Stored dataset items:
>>>>

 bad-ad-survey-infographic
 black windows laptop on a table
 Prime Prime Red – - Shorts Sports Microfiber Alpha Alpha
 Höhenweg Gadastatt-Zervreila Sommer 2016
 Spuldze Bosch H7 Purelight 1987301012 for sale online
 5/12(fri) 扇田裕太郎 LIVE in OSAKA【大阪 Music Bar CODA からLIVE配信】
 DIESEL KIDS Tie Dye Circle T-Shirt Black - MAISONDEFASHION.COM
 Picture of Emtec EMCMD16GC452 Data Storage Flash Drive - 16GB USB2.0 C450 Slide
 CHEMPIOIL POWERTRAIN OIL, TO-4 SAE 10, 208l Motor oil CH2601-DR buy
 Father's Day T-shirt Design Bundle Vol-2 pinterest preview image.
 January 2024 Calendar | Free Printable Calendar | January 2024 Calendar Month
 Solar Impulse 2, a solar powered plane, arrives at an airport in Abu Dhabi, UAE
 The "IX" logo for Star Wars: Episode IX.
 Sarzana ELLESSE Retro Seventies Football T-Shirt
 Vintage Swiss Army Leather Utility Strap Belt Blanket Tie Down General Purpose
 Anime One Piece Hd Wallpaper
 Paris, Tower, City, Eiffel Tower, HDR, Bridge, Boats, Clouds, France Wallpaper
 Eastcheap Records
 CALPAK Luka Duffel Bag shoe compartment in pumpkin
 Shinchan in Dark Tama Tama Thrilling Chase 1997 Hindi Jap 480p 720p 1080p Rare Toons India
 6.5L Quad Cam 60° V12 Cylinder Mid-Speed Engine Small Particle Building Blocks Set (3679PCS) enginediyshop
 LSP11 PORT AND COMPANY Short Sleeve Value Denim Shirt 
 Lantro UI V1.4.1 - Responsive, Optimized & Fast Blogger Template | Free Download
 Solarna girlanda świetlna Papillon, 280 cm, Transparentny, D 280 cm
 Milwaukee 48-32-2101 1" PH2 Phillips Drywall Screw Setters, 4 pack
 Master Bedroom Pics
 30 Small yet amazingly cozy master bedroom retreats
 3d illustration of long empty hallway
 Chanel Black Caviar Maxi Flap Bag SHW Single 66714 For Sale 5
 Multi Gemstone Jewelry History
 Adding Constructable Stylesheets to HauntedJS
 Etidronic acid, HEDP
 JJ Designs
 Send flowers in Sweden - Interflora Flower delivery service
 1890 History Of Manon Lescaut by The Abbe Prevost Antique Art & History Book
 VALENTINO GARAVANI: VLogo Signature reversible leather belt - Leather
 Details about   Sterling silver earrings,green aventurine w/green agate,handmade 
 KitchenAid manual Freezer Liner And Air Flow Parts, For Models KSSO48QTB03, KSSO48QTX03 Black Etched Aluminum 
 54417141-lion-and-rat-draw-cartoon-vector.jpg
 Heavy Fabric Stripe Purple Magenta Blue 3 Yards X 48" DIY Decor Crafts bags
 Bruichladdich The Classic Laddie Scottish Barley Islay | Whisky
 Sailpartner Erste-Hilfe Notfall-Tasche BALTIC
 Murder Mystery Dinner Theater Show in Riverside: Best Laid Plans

<<<<

Work request: Up to and including the line with "Eastcheap Records", repeat the data exactly, starting from its first line; nothing else belongs in the response.

Task result:
 bad-ad-survey-infographic
 black windows laptop on a table
 Prime Prime Red – - Shorts Sports Microfiber Alpha Alpha
 Höhenweg Gadastatt-Zervreila Sommer 2016
 Spuldze Bosch H7 Purelight 1987301012 for sale online
 5/12(fri) 扇田裕太郎 LIVE in OSAKA【大阪 Music Bar CODA からLIVE配信】
 DIESEL KIDS Tie Dye Circle T-Shirt Black - MAISONDEFASHION.COM
 Picture of Emtec EMCMD16GC452 Data Storage Flash Drive - 16GB USB2.0 C450 Slide
 CHEMPIOIL POWERTRAIN OIL, TO-4 SAE 10, 208l Motor oil CH2601-DR buy
 Father's Day T-shirt Design Bundle Vol-2 pinterest preview image.
 January 2024 Calendar | Free Printable Calendar | January 2024 Calendar Month
 Solar Impulse 2, a solar powered plane, arrives at an airport in Abu Dhabi, UAE
 The "IX" logo for Star Wars: Episode IX.
 Sarzana ELLESSE Retro Seventies Football T-Shirt
 Vintage Swiss Army Leather Utility Strap Belt Blanket Tie Down General Purpose
 Anime One Piece Hd Wallpaper
 Paris, Tower, City, Eiffel Tower, HDR, Bridge, Boats, Clouds, France Wallpaper
 Eastcheap Records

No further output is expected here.